Somehow, that seemed to relax her. She turned around and began unpacking again. “So, do I get to know your name?”

 

“Justin. But everyone calls me JB.”

 

“Do you go to school in Boston?”

 

I had to laugh. “Not exactly.”

 

“What’s so funny? I can’t ask if you’re in college?”

 

“Do I look like a college boy?”

 

She turned and looked at me with those clear blue eyes. “I don’t know what a college boy is supposed to look like,” she said, all smart.

 

“Well, I’m not going to school.

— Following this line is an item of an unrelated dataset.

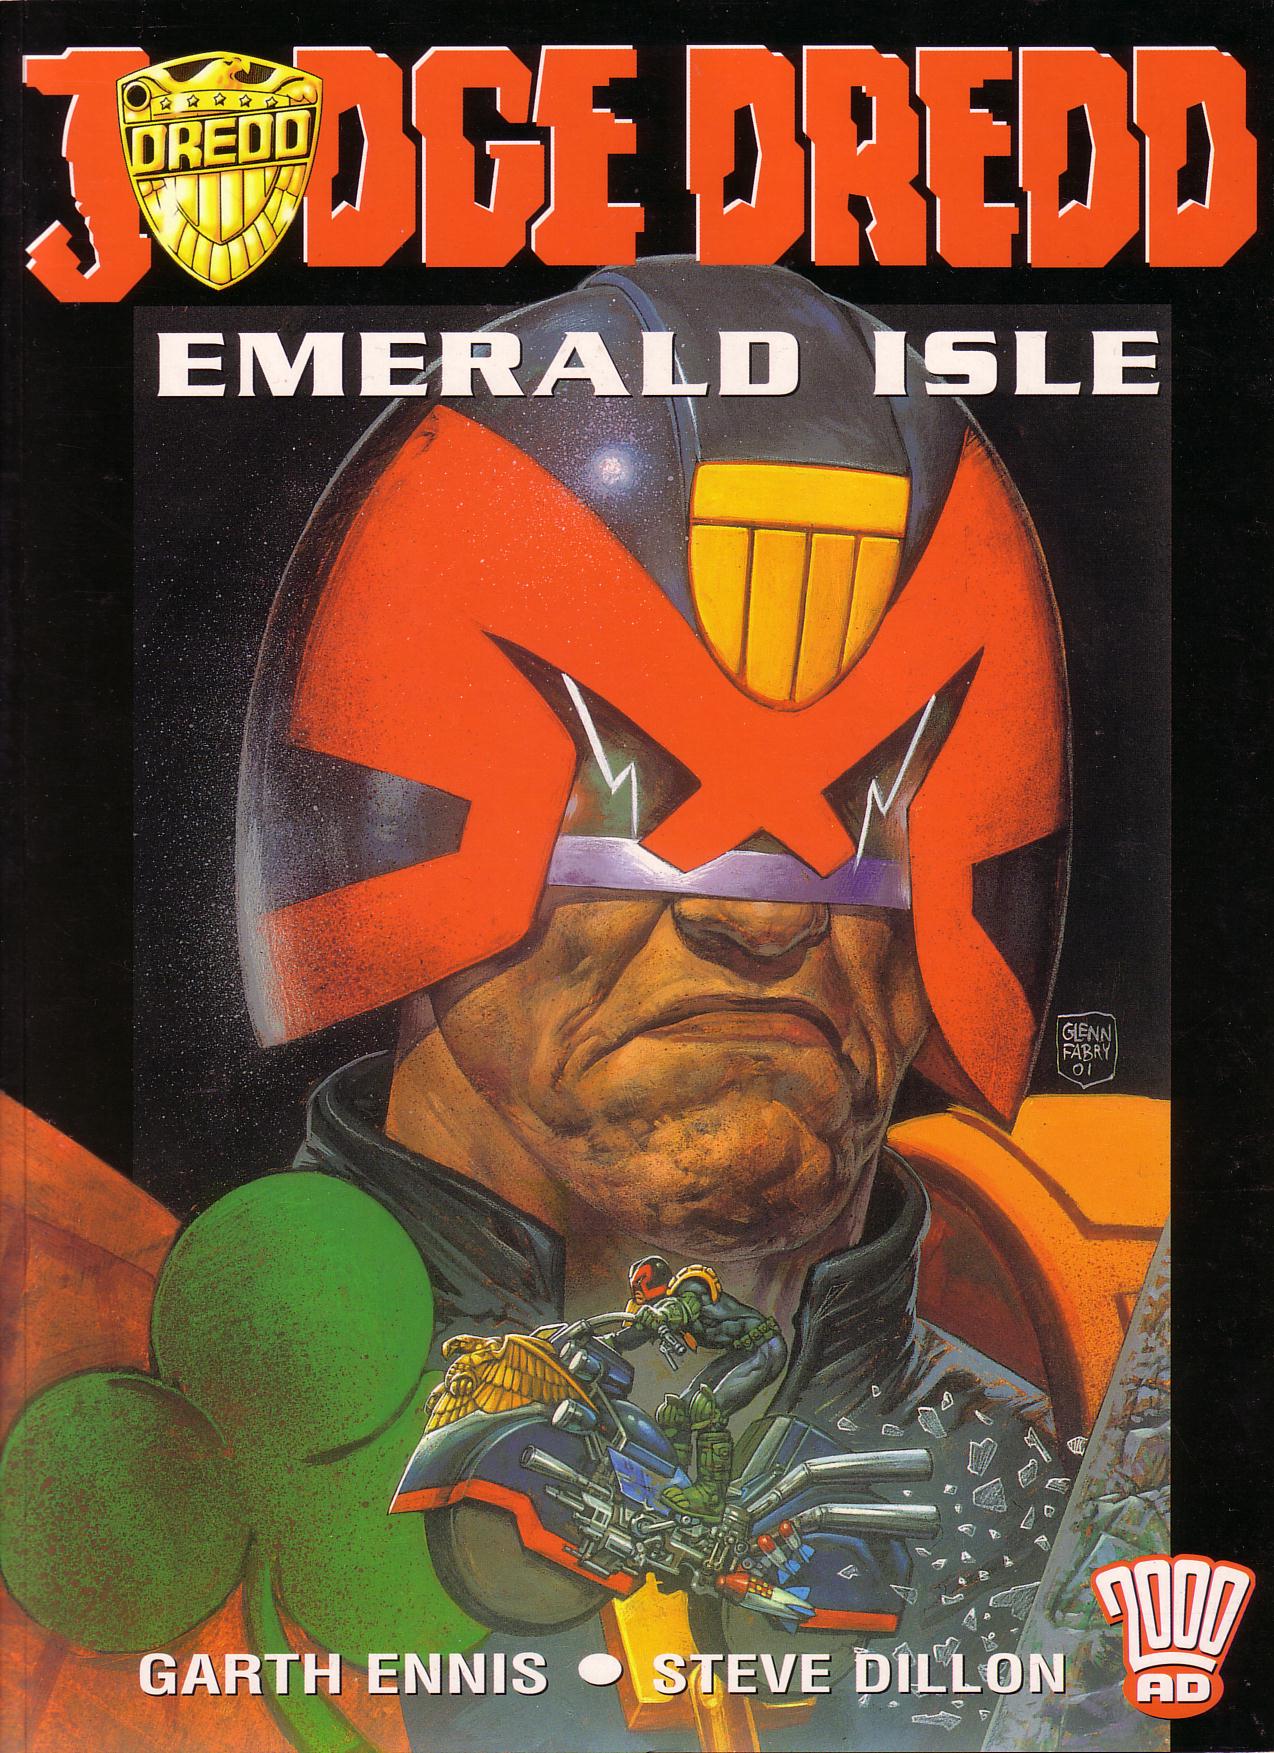 Read online Judge Dredd: Emerald Isle comic -  Issue # TPB - 1

At least, not this kind of school.”

 

“Are there other kinds?”

 

“Sure there are,” I said, moving to the window and looking out at the students walking through the campus. “I guess I’m at more of an academy.”

 

“Like a military academy?”

 

“Not exactly.”

 

“I don’t get it,” she said.

 

“You wouldn’t.”

 

Lindsay turned and faced me. “If you don’t think I’d understand what you do, then I don’t see why you went through all the trouble to find out where I live.”

 

I grinned at her. She was pretty damn smart. “I’m a fighter.”

 

Her expression turned to confusion. She almost said, I don’t get it. It was like one of those thought bubbles in a cartoon, above her head. But she didn’t say it. Instead, she just nodded. “Okay.”

 

“That’s what I meant about going to an academy. I belong to a gym and I train with a team. I’m a student of martial arts.”

 

She nodded again, uncertainly. “Like The Karate Kid or something.”

 

“Yeah, something like that,” I said, trying not to laugh at her.

 

“That’s how you got the cut on your face?”

 

“I was going for a double-leg takedown and the guy just kneed me in the face. It happens.”

 

Lindsay frowned, confused.

 

“A double-leg takedown is a wrestling move.”

 

“So you’re a wrestler.”

 

“It’s called mixed martial arts. That means we learn everything. Wrestling, boxing, kickboxing, Brazilian Jiu-Jitsu…”

 

“Oh. And you enjoy it?”

 

“Yeah, I love it.”

 

She shook her head.

 

“What?”

 

“Nothing,” she said. “It’s just…I don’t understand what’s fun about beating people up.”

 

“It isn’t just beating people up. It’s an art. It takes a lot of skill and technique.”

 

“If you say so.”

 

“I do say so.” I walked towards her. “And besides, you can’t say you hate something you never tried.”

 

“I didn’t say I hated it, I said I didn’t understand it.”

 

“Maybe you should come see me fight sometime.”

 

Lindsay crossed her arms. “I wouldn’t want to see you get hurt.”

 

“I don’t get hurt.”

 

“What about your face?” She suddenly reached out and touched the cut above my eye. Her fingertips felt cool and soft and amazing. I let her do it.